How to Prevent Cheating in an Multiplayer Online Android/iOS Game that Uses Google Play Services?

Question

I'm planning to make an MMORPG for Android and iOS. I will use Unity 5. I am also planning to store user values in a Google Server that comes with Google Play Services. I'm storing values like money amount, level, strength point, items in the inventory, skills unlocked etc. I am not planning to allow players play the game offline. They must log in to their Google account to play the game.

Here are the questions:

• How secure is my game? I mean, using Google servers to store data, I think players won't alter the game data, because all the data is in the server.
• Which method I should use to encrypt my data?
• Is Google Servers capable to store these amount of data?
• Can users use a third party program to alter data on the server? How to prevent this?
• My game will totally be online. Can communication operators able to send and receive these amount of data? Because server should check every step of the player. And players should be able to play the game when they are off home.
• I am planning to do some checks when certain requirements meet. For example, when player buys an unique item that worths 1 million golds, the game will check the server first, if the player has 1 million golds. Can anyone change the codes in the game file?

Answer 1

I am also planning to store user values in a Google Server that comes with Google Play Services

Nope. Don't do it.

I am not planning to allow players play the game offline

Good idea.

The answer to all your other question is that any game can be hacked. Any game server can be hacked. Using Google Play Services is even worse as you have no option to protect yourself.

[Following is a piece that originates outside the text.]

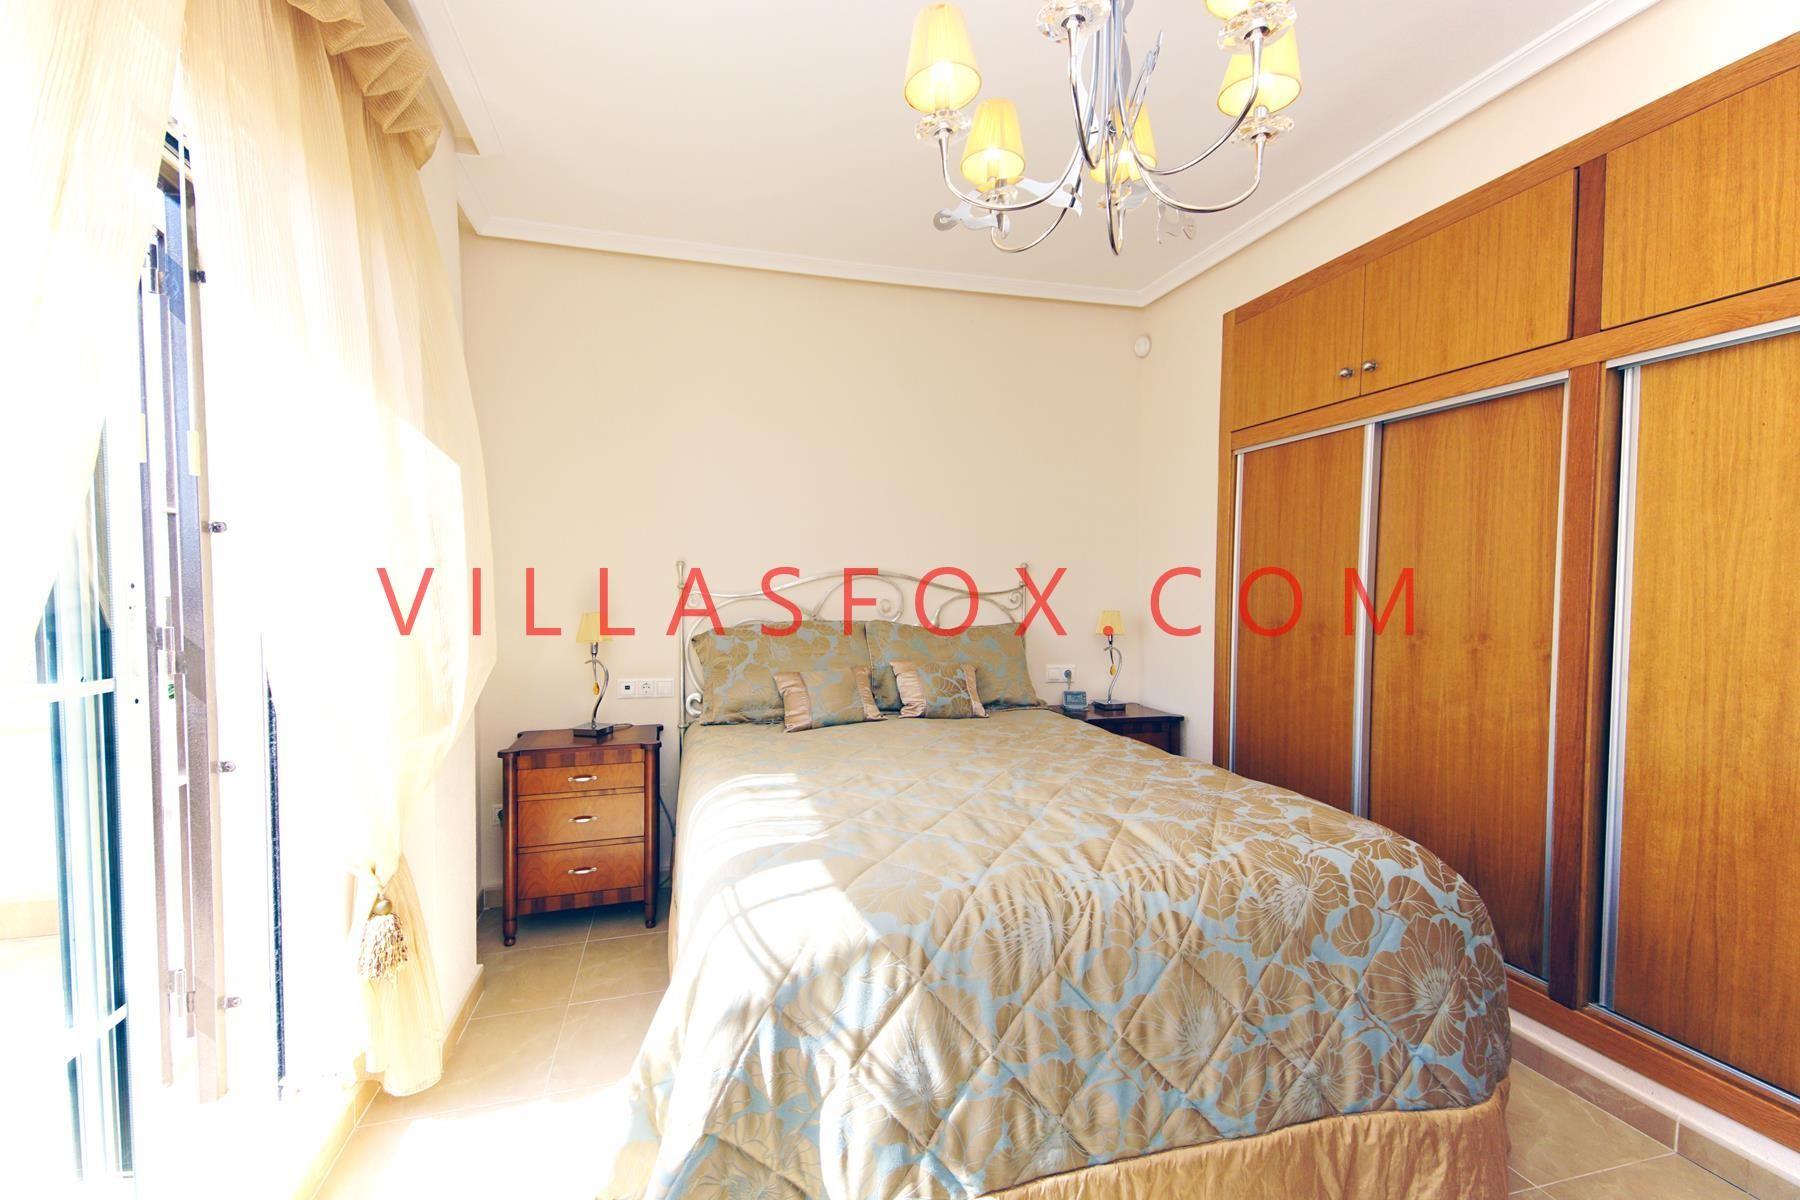 3-bedroom semi-detached villa, Los Flamencos, Mirador de San Miguel

If your game is online MMORPG, you need to get a server with a monthly fee or maybe even a dedicated server.

You cannot prevent hacking but you can reduce it.

Ways to reduce hacking:

1. Get a server instead of Google Play as there are things you won't be allowed to do on Google Play server. You can't run your own game script there AFAIK.

2. Players must register and sign in to play your game.

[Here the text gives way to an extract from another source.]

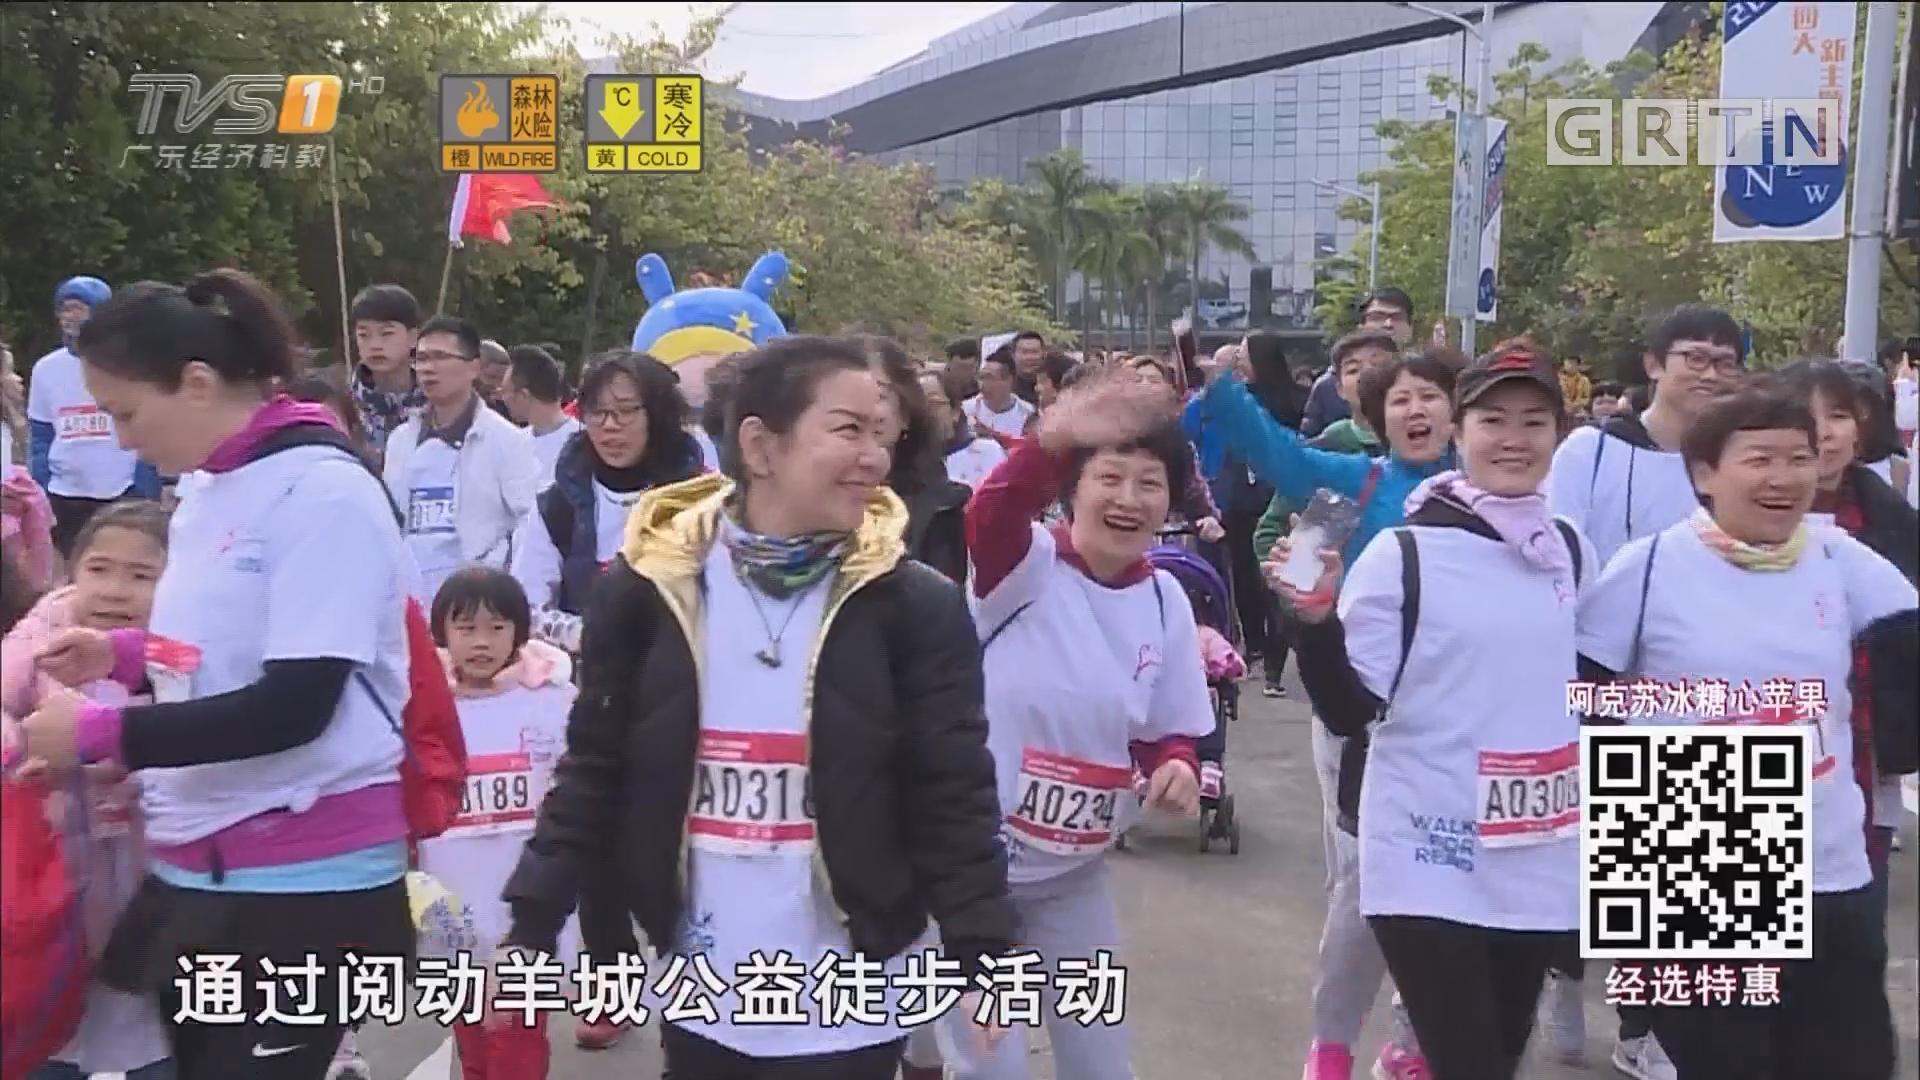 广州:千余市民徒步助力儿童公益阅读

3. Do all your security/buy stuff on the server side. If you do it on the client side, it can be decompiled, modified and recompiled back on both iOS and Android.

For example, when player wants to buy something and that thing requires a score the player does not have, don't do that check on the player's side,do it on the server side.

4. When you detect that a player is cheating, ban the player, then ban the IP Address for about a week. Don't ban the IP Address forever because some people with DSL will be able to change their IP Address by simply resetting the modem. When they do so, you are now banning another innocent person that just got banned IP. You can ban the account forever or ban them temporary as a warning before banning them forever. You set the rules here.

5. You can associate each account with the player's MAC Address, iPhone UDID, device serial number or any unique number from the device. When the player is banned, they will likely try to sign up for another account. If the-same device is used to sign up, don't let the player sign up. Simple display a network error with a number. Don't tell the player that they couldn't sign up again because their account/device is banned. If you do, they can easily circumvent the ban mechanics and sign up again.

The use of account, custom server, banning players are the best way to reduce hacking on your network game. There are many other ways but I can't keep going.

What you need to know:

PHP, MySQL for the Server side. Unity C#, Unity network API for the client/Unity side.

Now, if you really want the network game to be >50x faster, Use C++ (FastCGI), MySQL Connectors for the server side. Unity C# + raw socket on the client/Unity side. I recommend you go with this route.